My efforts to post my Euler solutions with commentary remain woefully behind (I just finished problem 110), but when I took action to close this gap, I discovered that I had skipped over problem 66 so long ago. I recall being frustrated after beating my head against it for a while and making no headway.

Filled with renewed vigor, I tackled it again here under the invigorating Mexican sunshine. Alas,
the sunshine proved to be of little help. I spent a long time wrangling with the equation in the
form *y² = (x+1)(x-1)/D*. This led me to explore the family of solutions *nD + 1* and
*nD – 1*, which are very nice, but definitely not minimal.

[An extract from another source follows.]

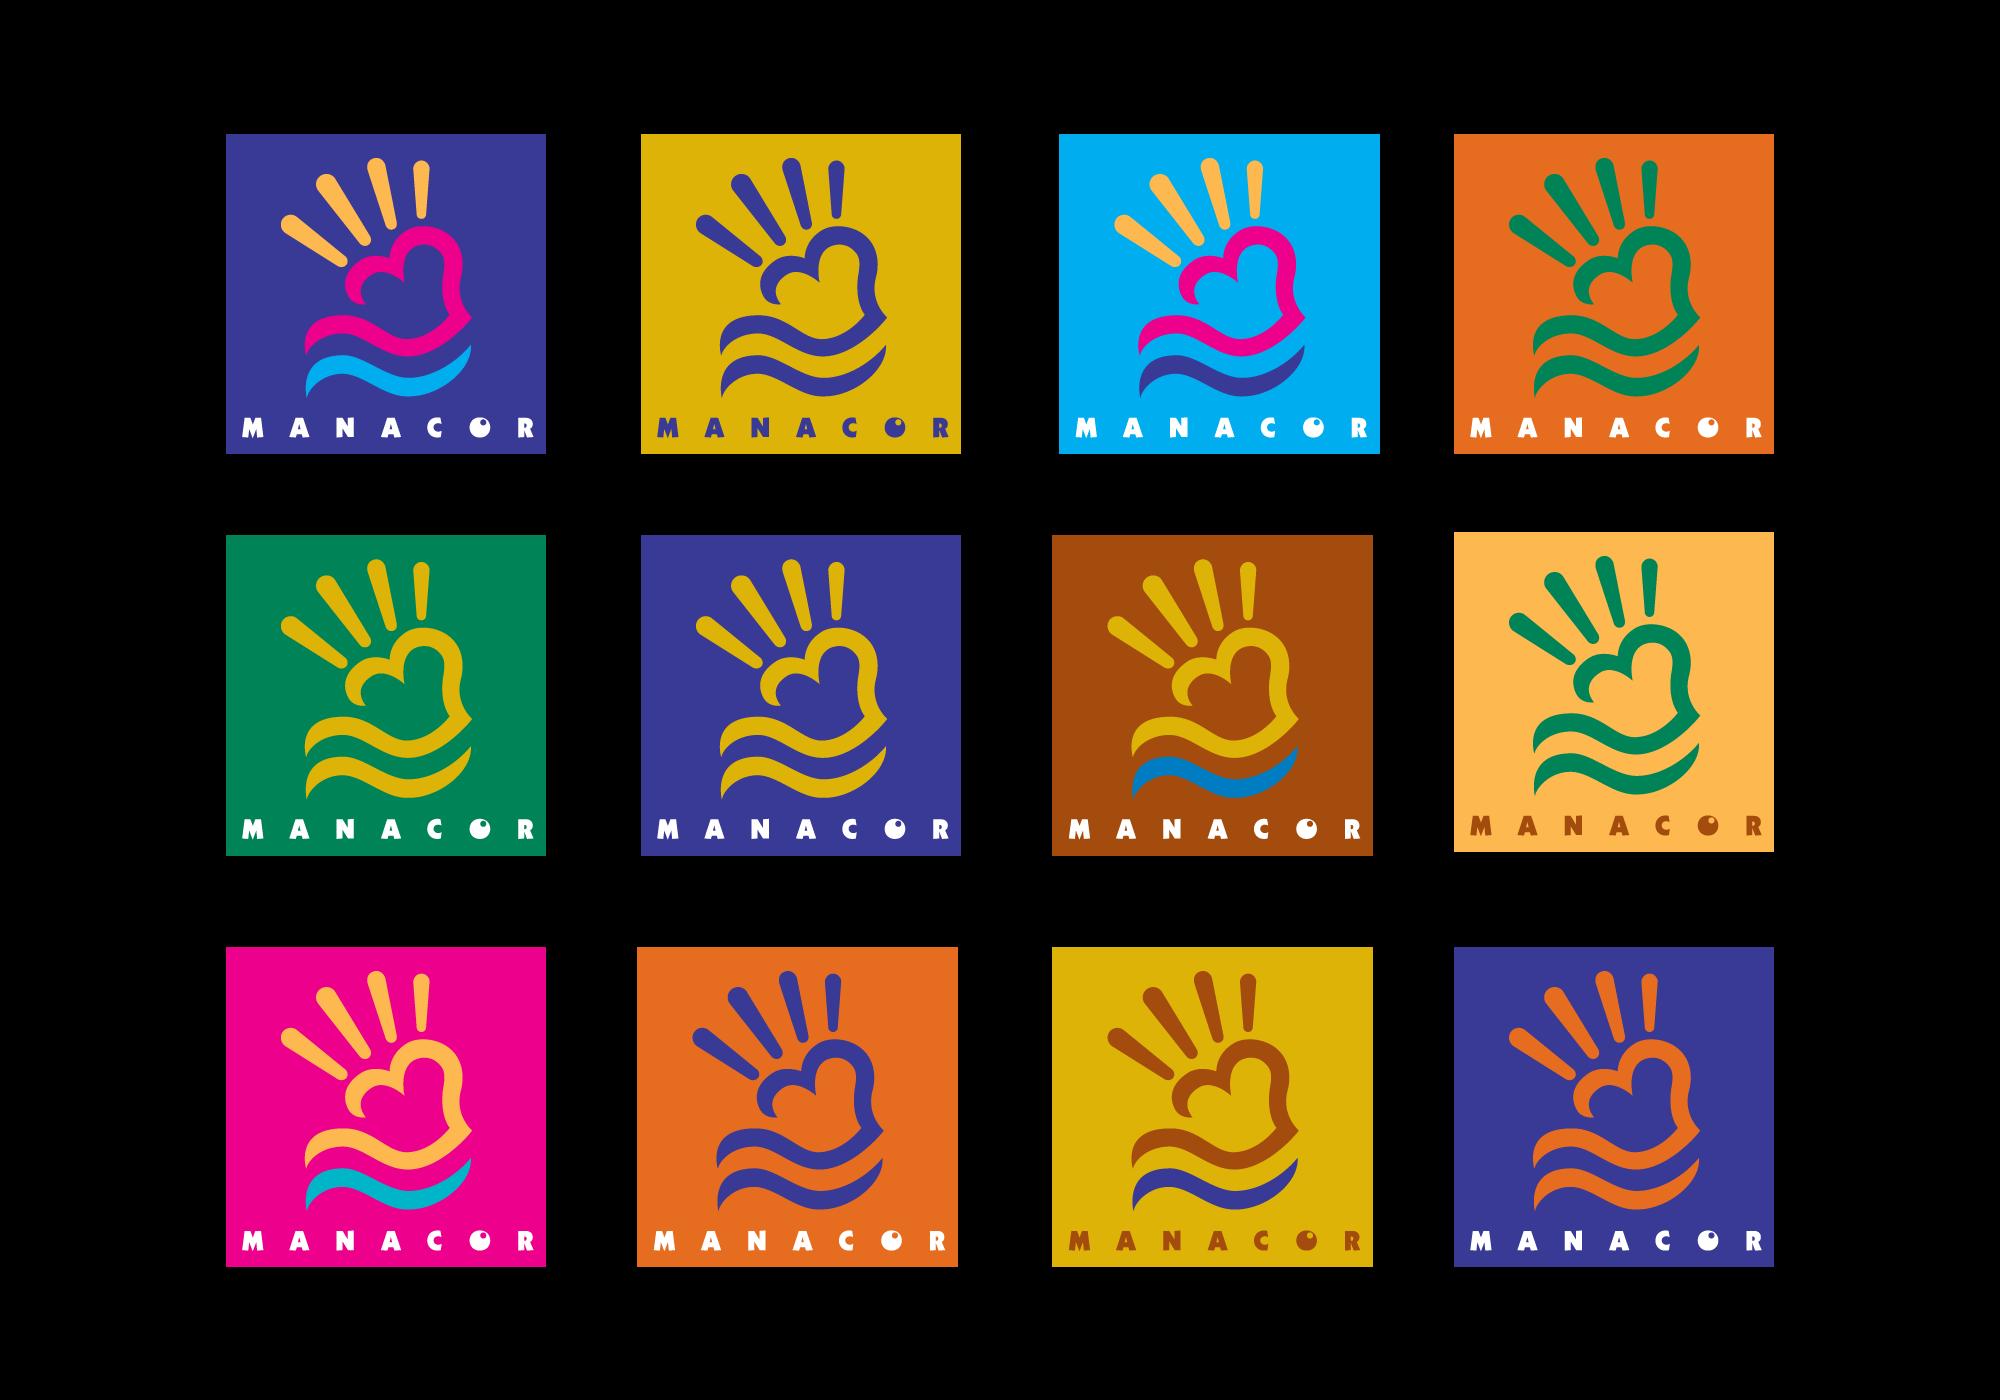 manacor-logo-variations
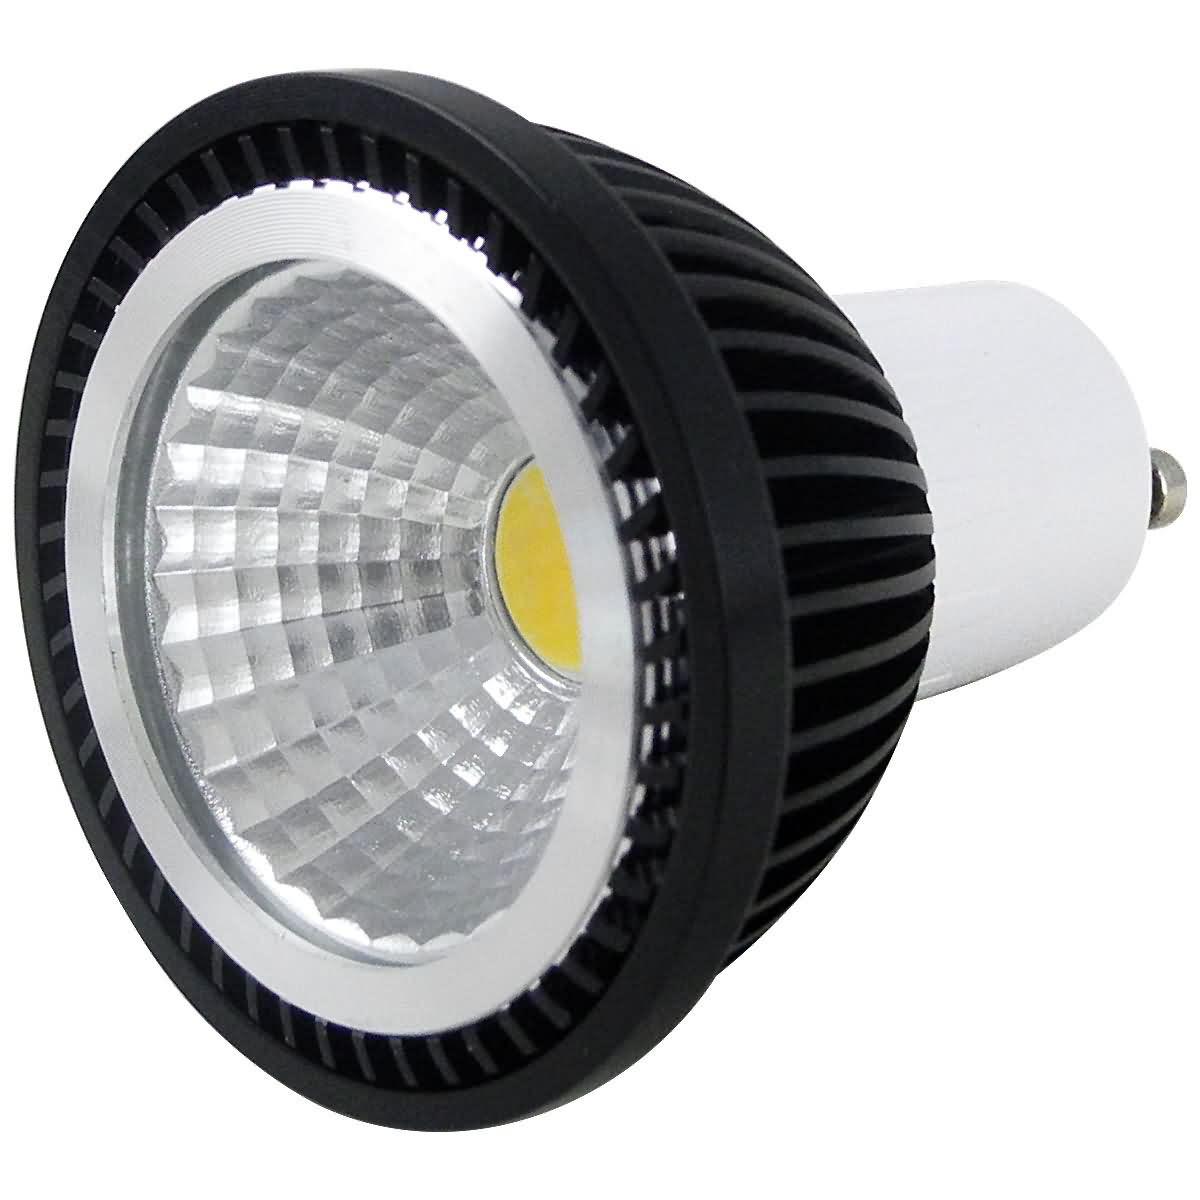 gu10 3w led spotlight cob led bulb in warm white energy saving lamp 120 led lights. Black Bedroom Furniture Sets. Home Design Ideas

I then played around with factoring *D* and trying to come up with some way to efficiently
search for potential solutions using those factors, since *D* has to divide evenly into
*(x + 1)(x – 1)*. But it needn't do so in any convenient way. For example, for *D =
28*, the minimal solution is *(127 + 1)(127 – 1)/28* which factors into *2 · 2 · 2 ·
2 · 2 · 2 · 2 × 2 · 3 · 3 · 7 / 7 · 2 · 2*. Some of the factors go into the left numerator and
some in the right, it's mayhem.

Eventually I decided to do some Googling and discovered that this is closely related to the
well-known Pell equation. For reasons
not entirely clear to me, its solutions lie in the continued fraction expansion of the square root
of *D*.

Implementing the “usual recurrence relations" was pretty straightforward, though a bit of
memoization was needed (the unsightliness of that part of the code annoys me, but I am annoyed
enough with this problem already that I don't feel like twiddling it further). `BigInt`

also turned out to be necessary, as the largest “minimal" *x* is
*16421658242965910275055840472270471049*, which doesn't quite fit into 64 bits.